Using the records below, copy exactly the part that opens with the line holding "Partnership Case Studies (Doc)_1" and closes with the line holding "Diseño de branding", minus the pictures.

- Data to process -
══════════
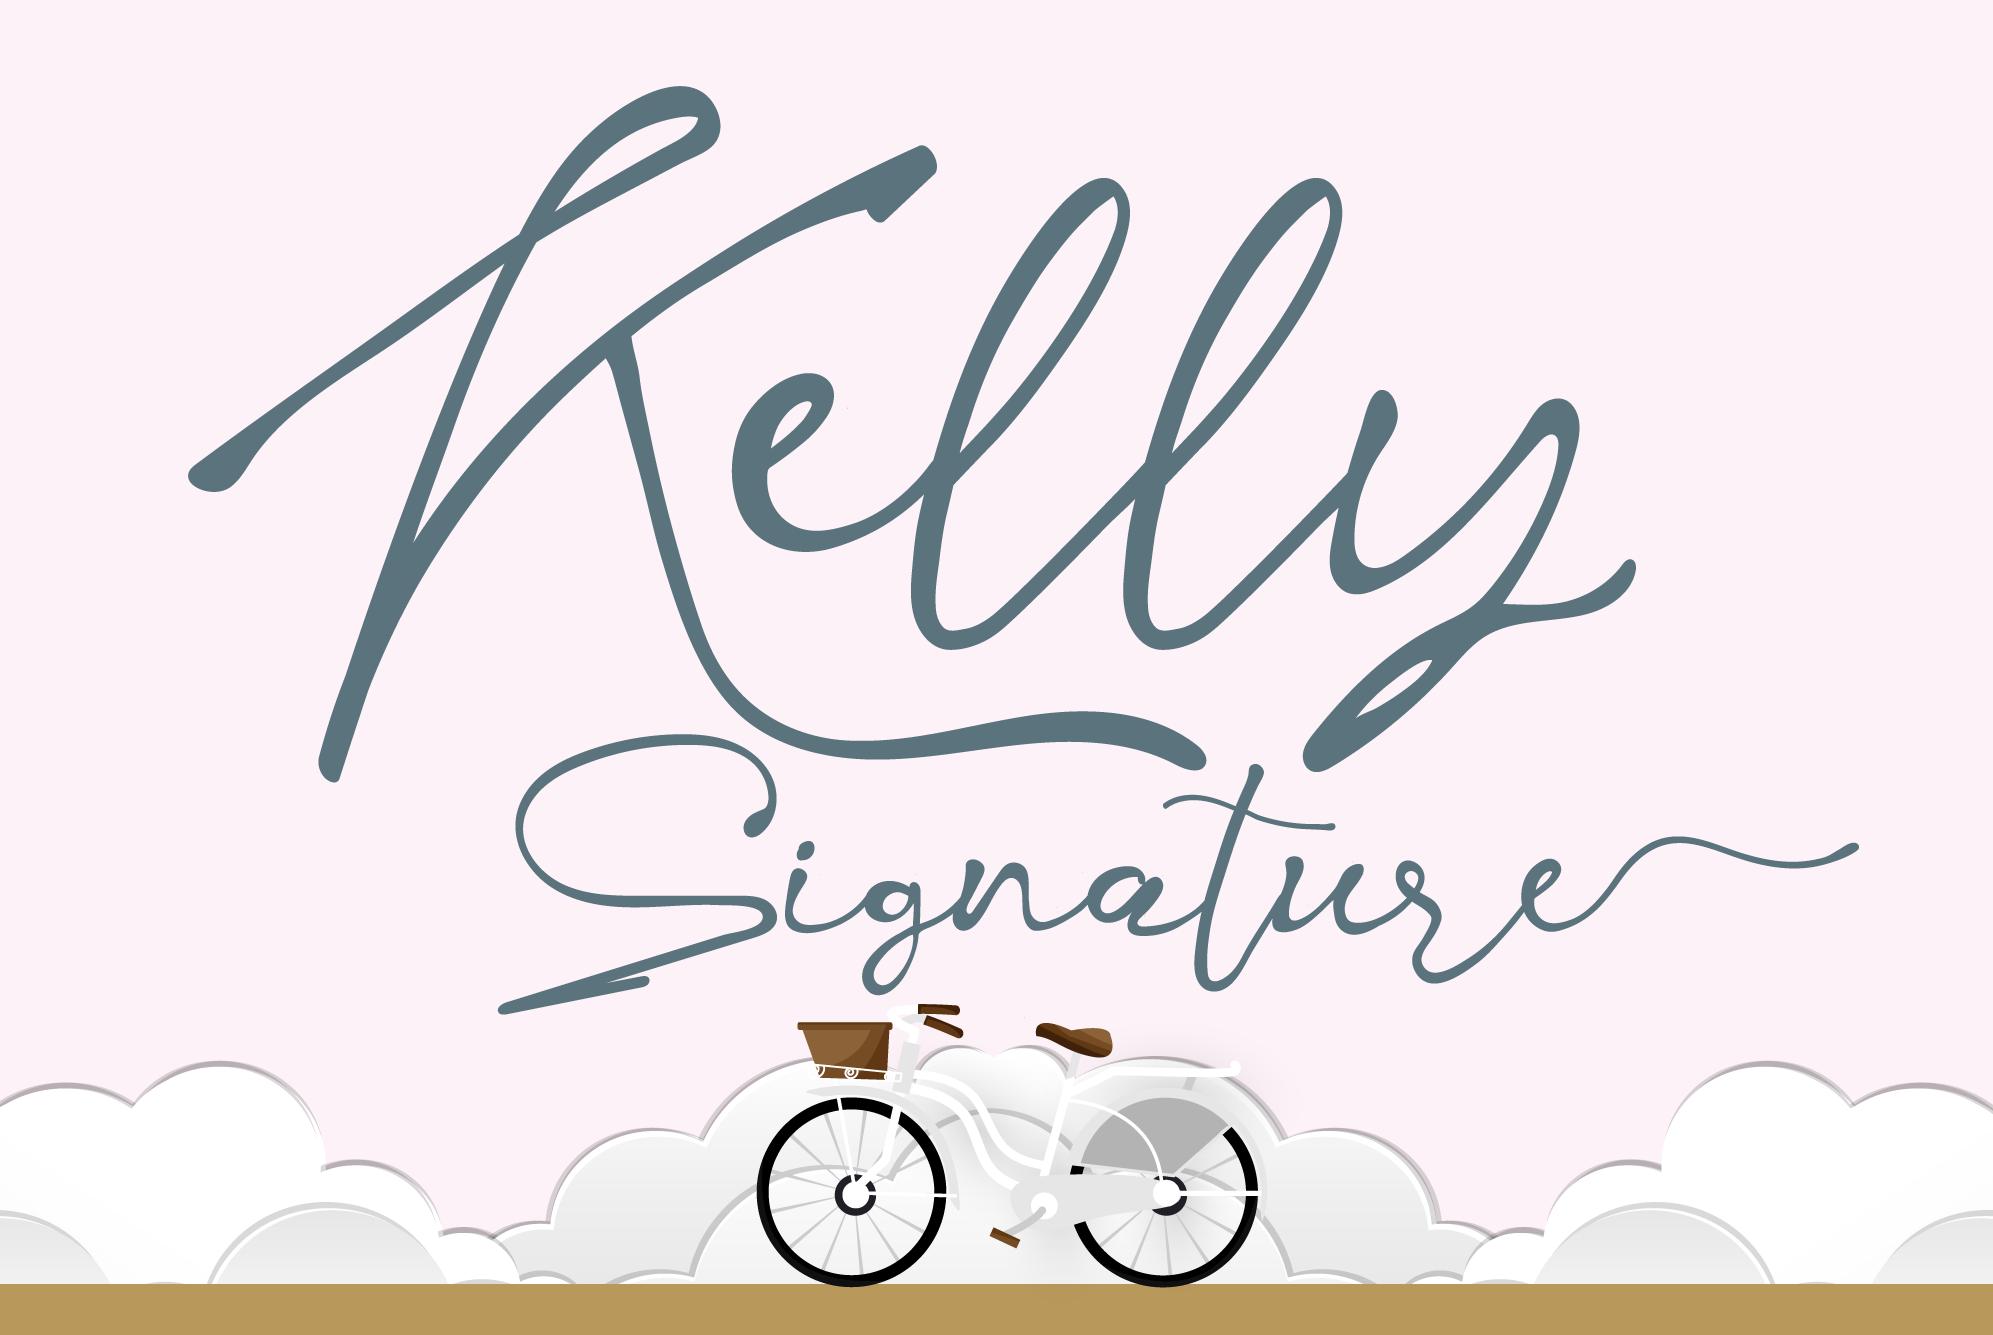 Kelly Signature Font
══════════
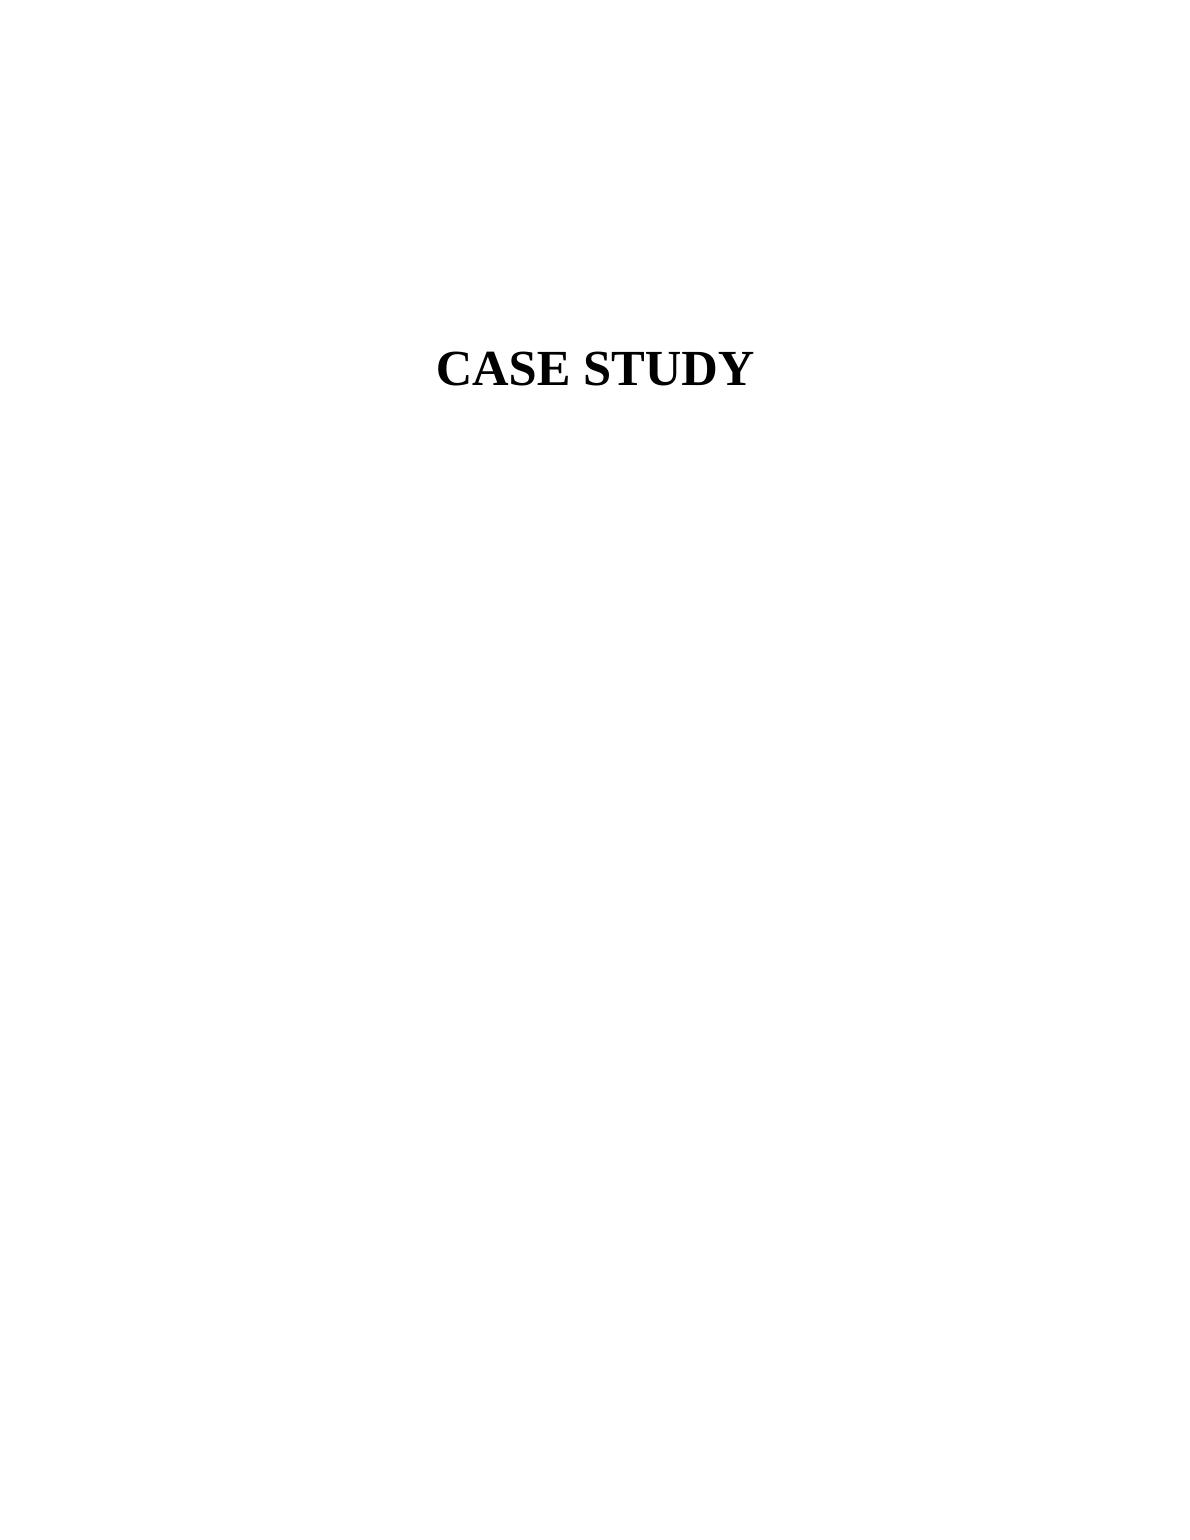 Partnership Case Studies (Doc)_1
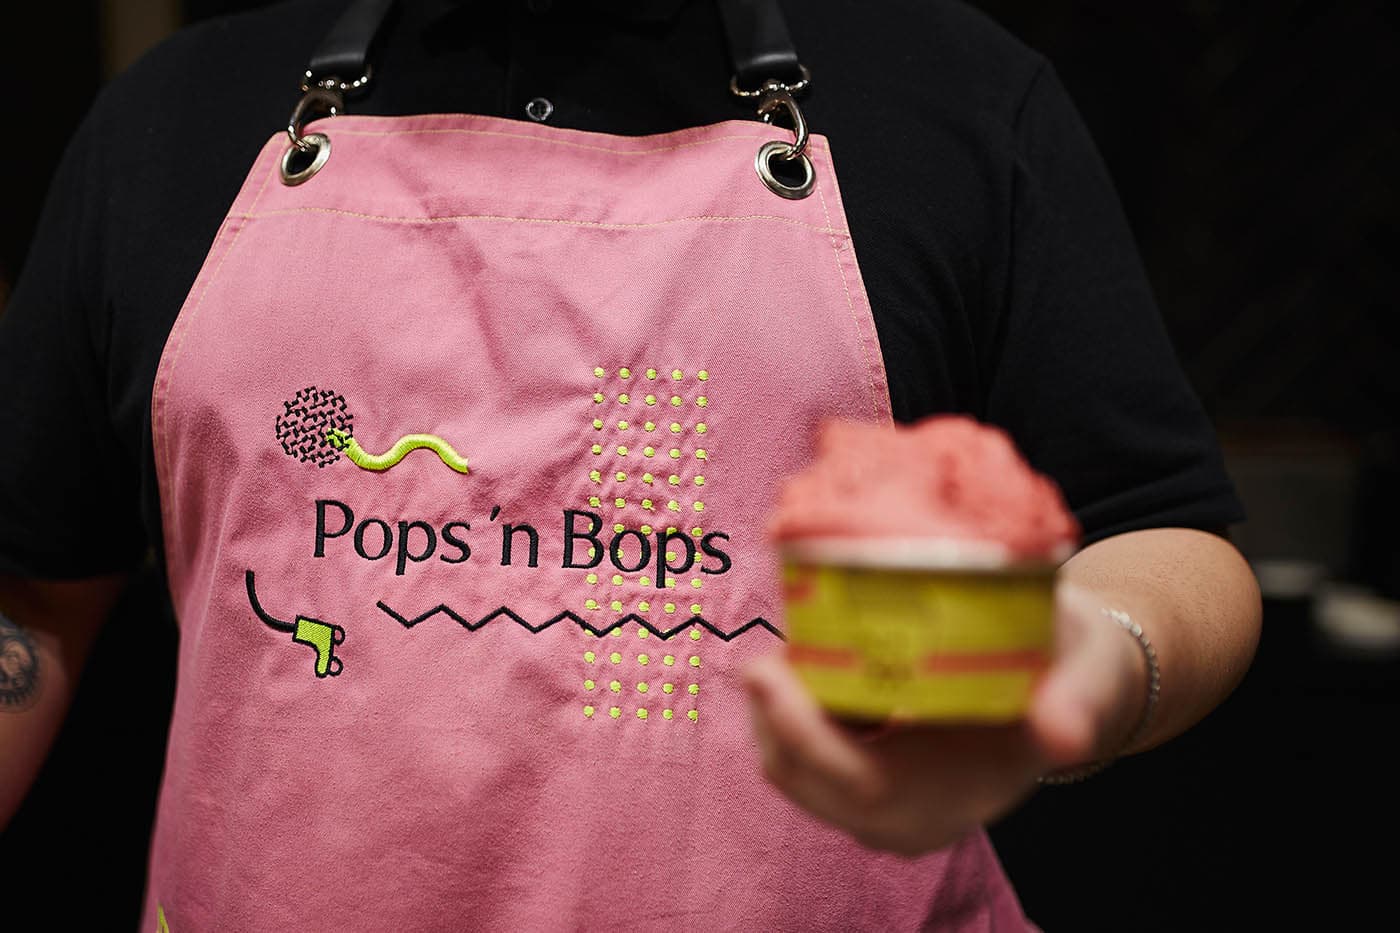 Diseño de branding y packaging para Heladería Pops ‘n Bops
══════════
- Answer -
 Partnership Case Studies (Doc)_1
 Diseño de branding y packaging para Heladería Pops ‘n Bops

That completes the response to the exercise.